Еще до появления в Серпухове тверской княжны Марии Федор Воронец дважды приезжал сюда с дочерью. Между Федором Воронцом и Марией Ивановной завязались обоюдные взаимоотношения, направленные к совершенно определенной цели – соединить брачными узами Владимира и Кристину. Казалось бы, к этому не было никаких препятствий. И вдруг все разом изменилось. Между Владимиром и Кристиной встала некрасивая тверская княжна.
Владимира все раздражало в навязанной ему постылой невесте: и то, как она разговаривает, и то, как она смеется, и то, как она пытается острить… Фигура у тверской княжны была крепко сбитая и угловатая, ее движения были неловкими, она могла споткнуться на ровном месте или потерять равновесие, спускаясь вниз по лестнице с верхнего теремного яруса на нижний. Влюбившись во Владимира сразу и по уши, Мария взяла себе за привычку, оставаясь с ним наедине, лезть к нему с объятиями и поцелуями, при этом в ее неумелых ласках было больше жеманства, нежели глубокой чувственности. Природа властно влекла Марию к вкушению запретного плода, по этой причине она тайком проникала в опочивальню к Владимиру ночью или на рассвете, являя ему то свою нагую грудь, то обнажая перед ним свои полные ноги… Если бы Владимир захотел, то он мог бы запросто лишить тверскую княжну девственности, ибо она сама забиралась к нему под одеяло. Но в нем не просыпалось плотского влечения к Марии, так как от нее постоянно исходил тяжелый запах пота. Мария быстро возбуждалась, буквально вспыхивая огнем изнутри, при этом ее кожа источала обильный пот с отвратительным запахом.

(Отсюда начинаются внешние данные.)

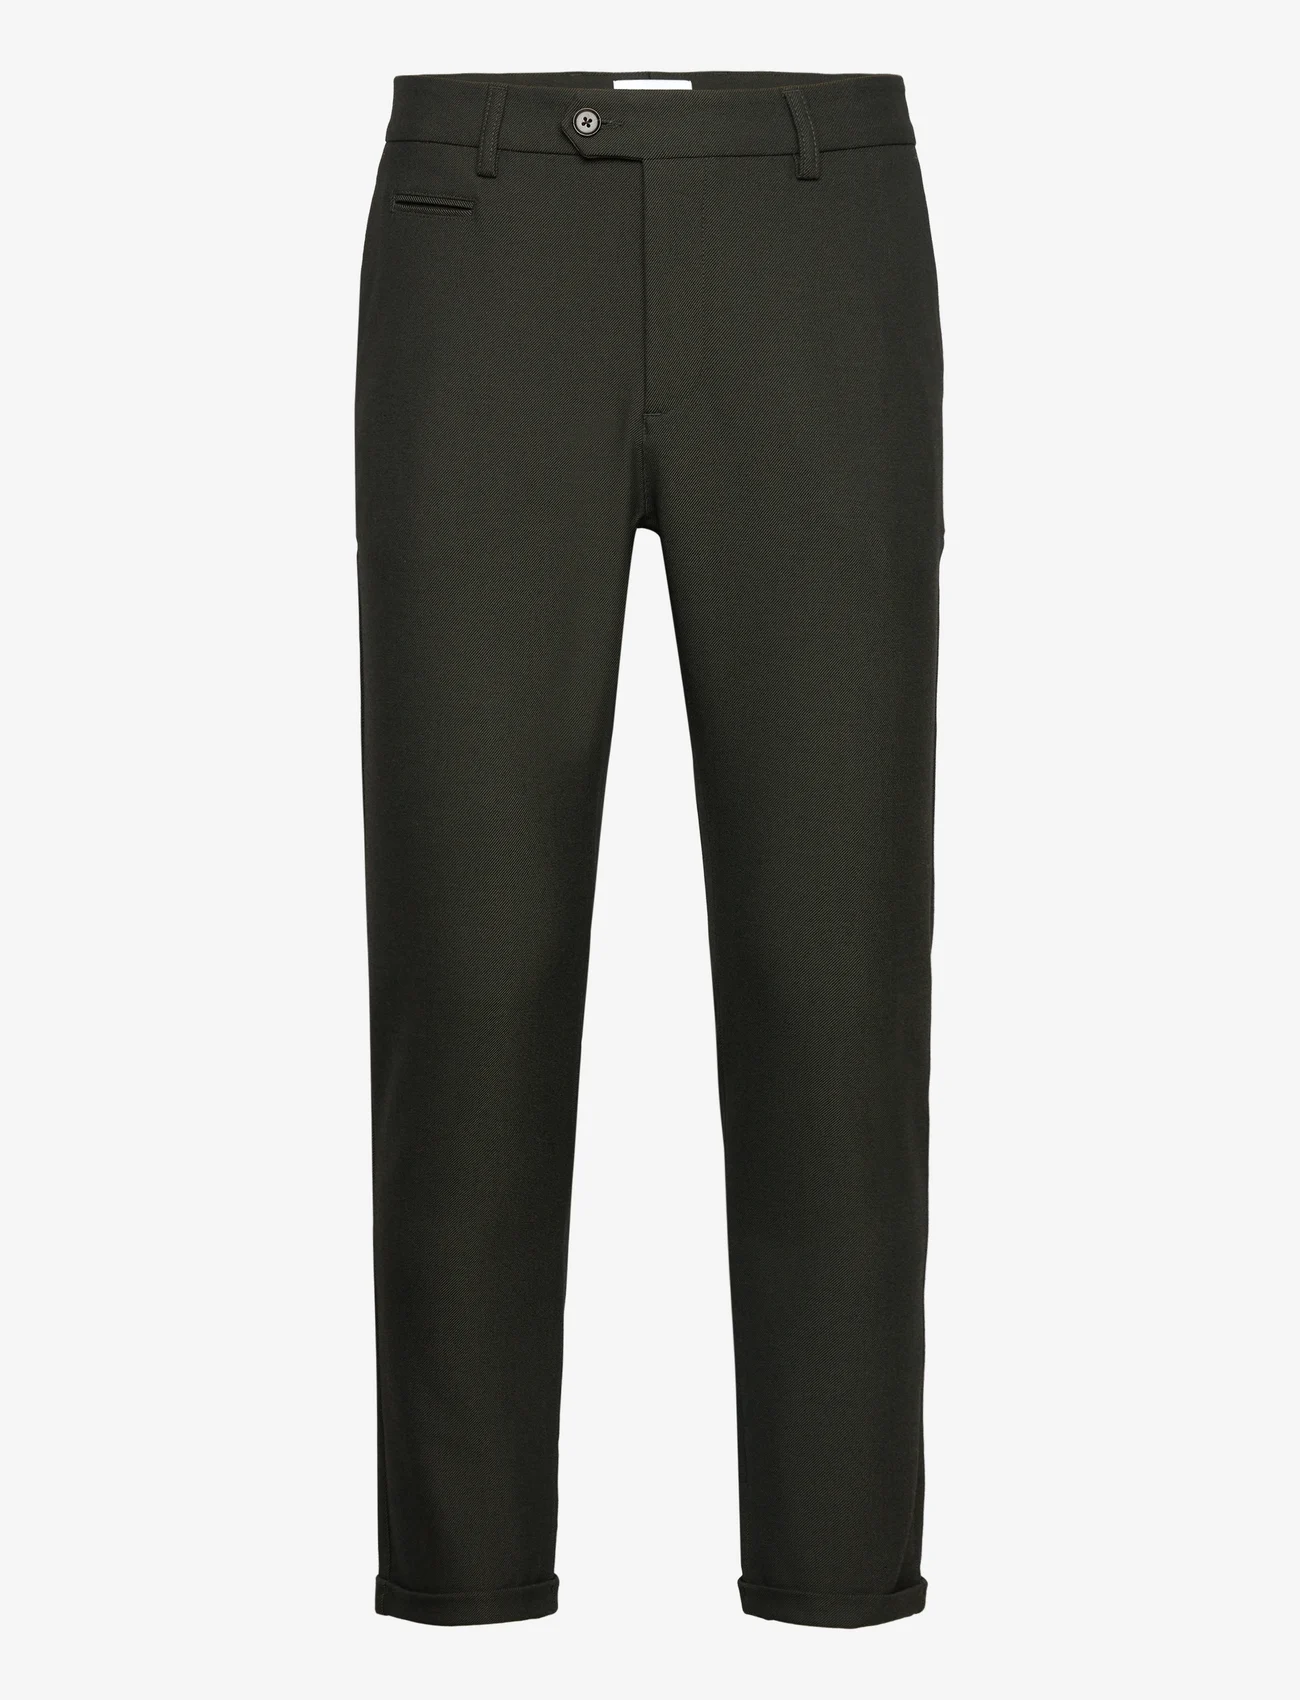 Les Deux - Como Suit Pants - Seasonal - suit trousers - deep forest/charcoal - 0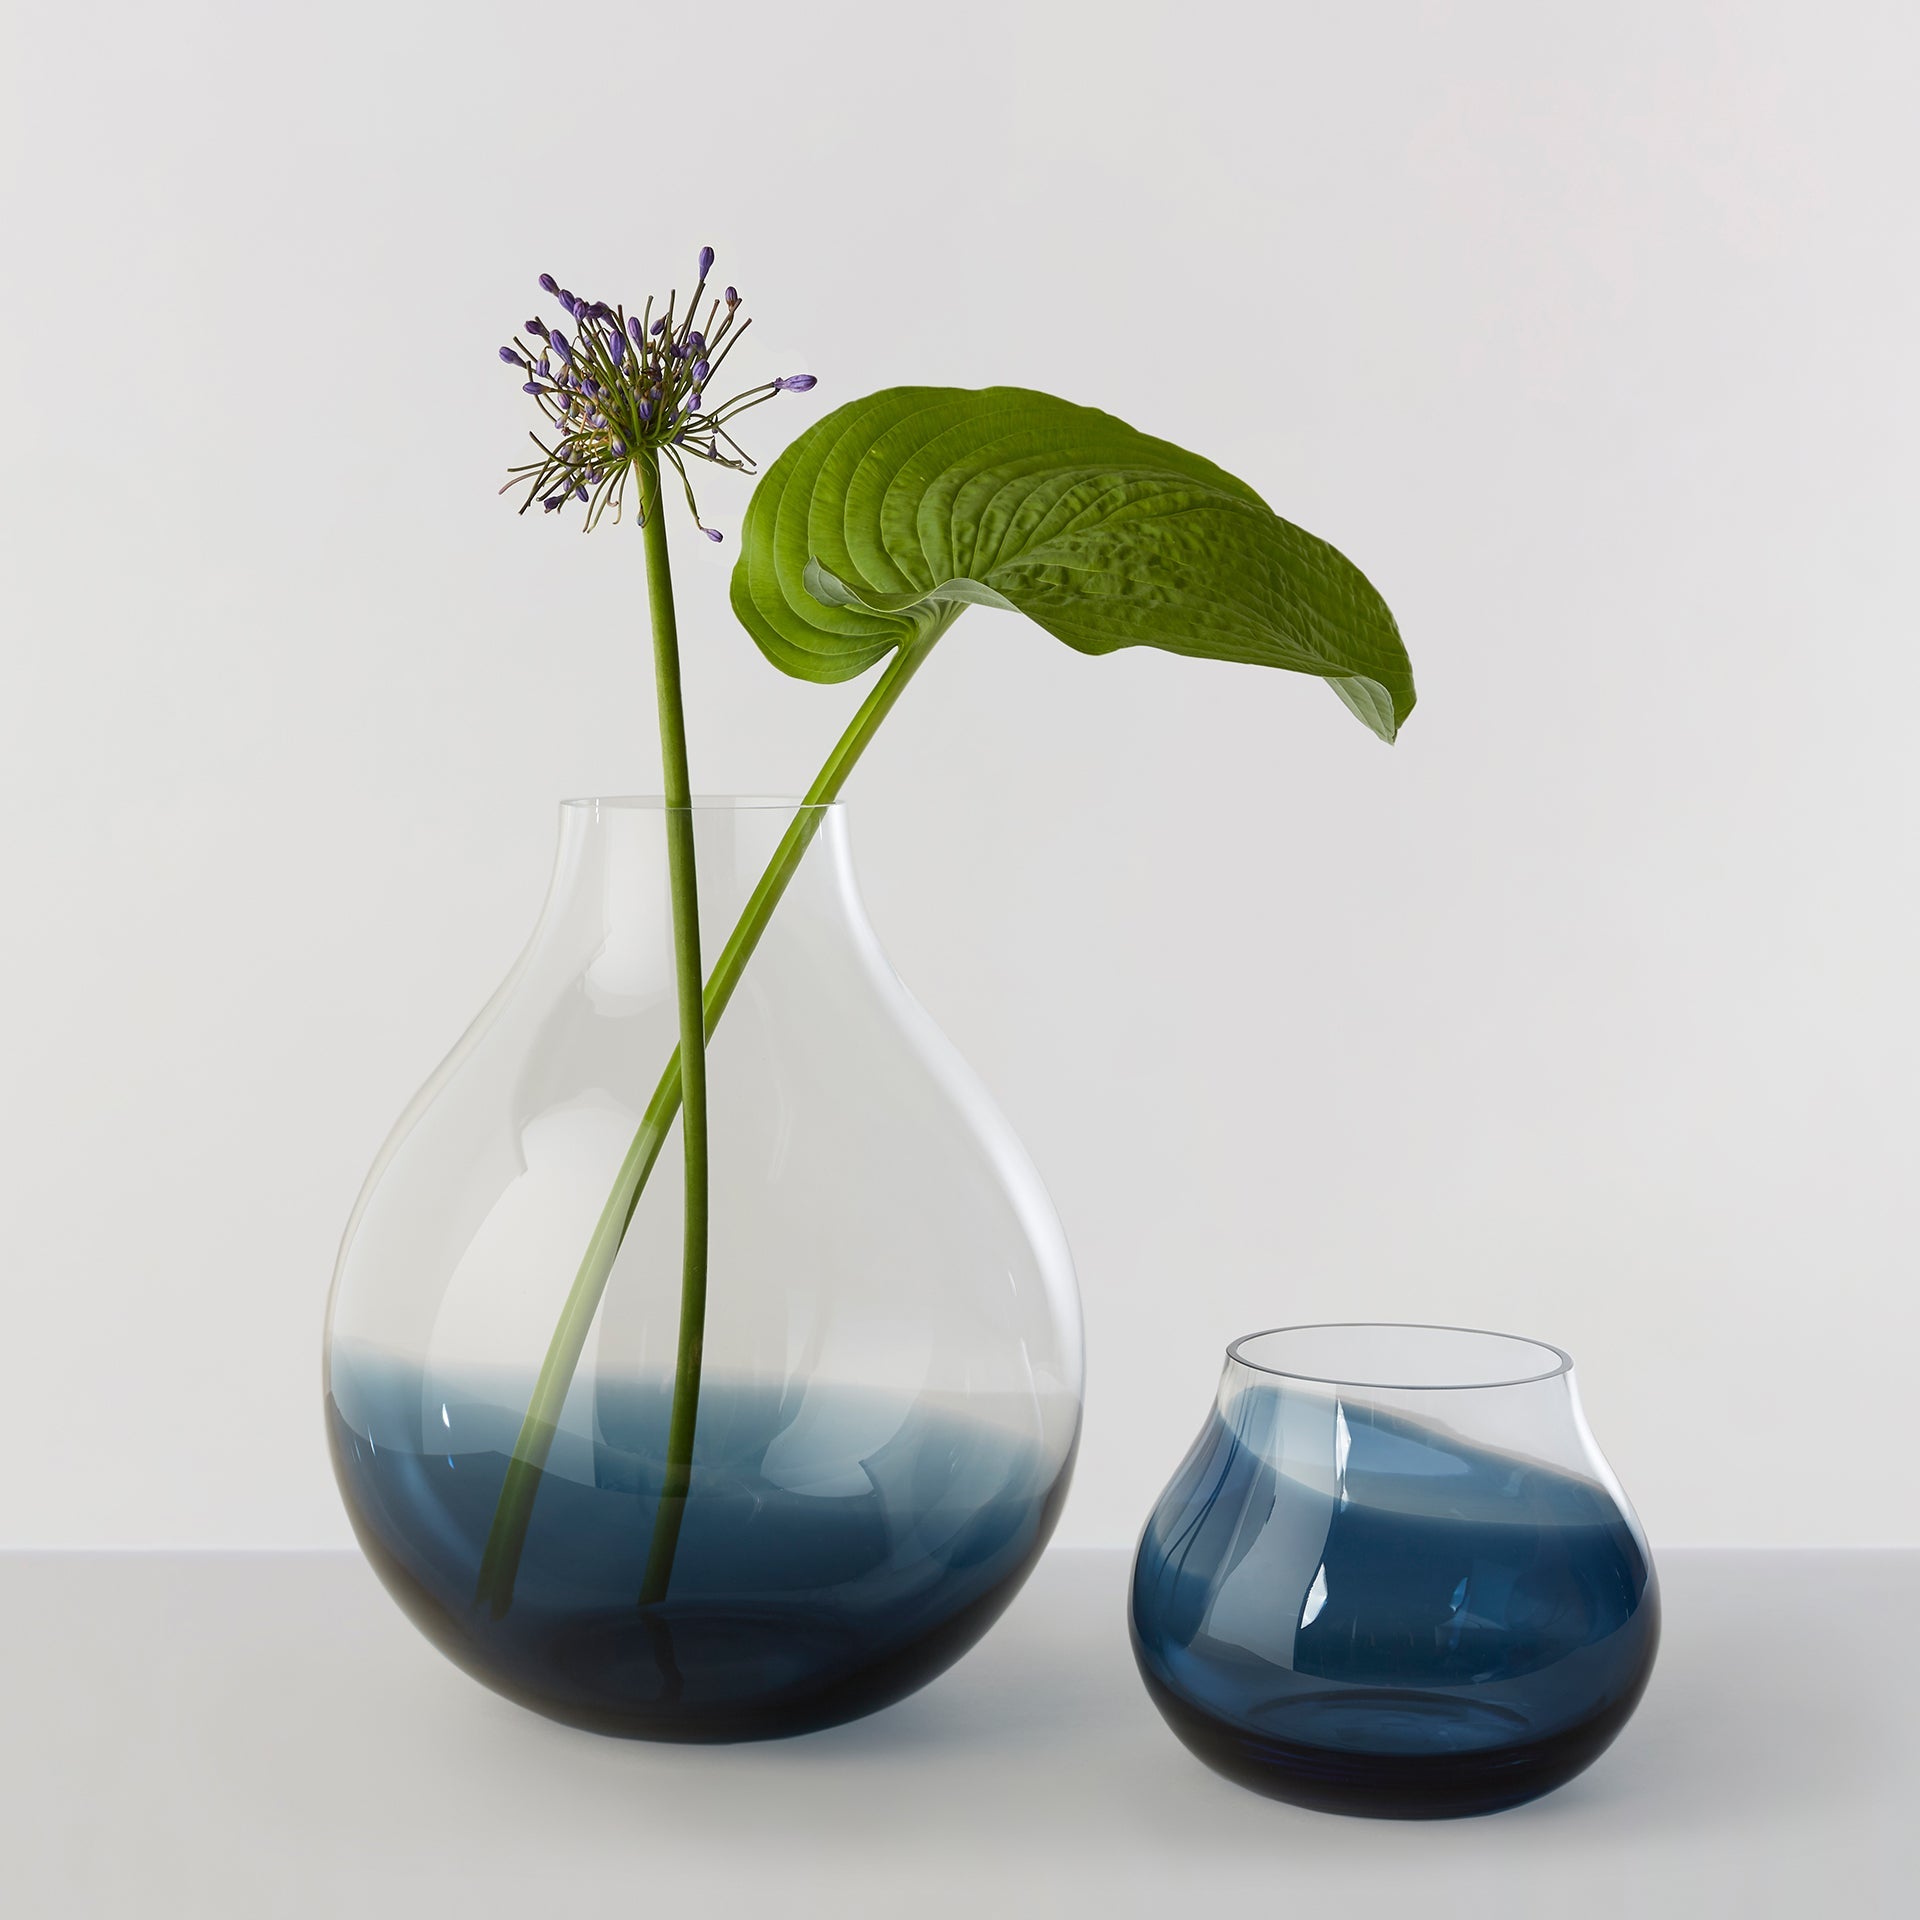 Billede af Flower Vase no. 23 - Indigo blue

Одежда, которую носила тверская княжна, тоже смердила неприятным зловонием, поскольку пот впитывался в нее, словно гнилостное испарение. Марии было достаточно один раз надеть на себя новое платье, чтобы сразу же пропитать его своим зловонным потом. Где бы ни появлялась тверская княжна, за ней неизменно тянулся шлейф неприятного запаха, и на это обращали внимание все, кроме нее самой. Крупный нос Марии обладал очень слабой чувствительностью, вернее, он легко различал ароматы благовоний и весенних цветов, но совершенно не чувствовал запаха потной одежды и несвежего белья.
Мария Александровна безвыездно жила в Серпухове, по сути дела став полновластной хозяйкой в княжеском тереме. Она не скрывала от Марии Ивановны того, что намерена отравлять ей жизнь своим присутствием до тех пор, пока княжна Мария не соединится законным браком с Владимиром.
Из Твери между тем приходили неутешительные вести. Василий Михайлович с племянником Еремеем Константиновичем по возвращении из Москвы в Тверь с грамотой митрополита на руках учинили настоящий самосуд над тверским епископом и над сторонниками Михаила Александровича среди тверской знати. Слуги и дружинники двух этих мстительных князей творили дикие бесчинства, грабя дворы неугодных бояр и купцов, насилуя их жен и дочерей, расхищая имущество и даже продав кое-кого в рабство.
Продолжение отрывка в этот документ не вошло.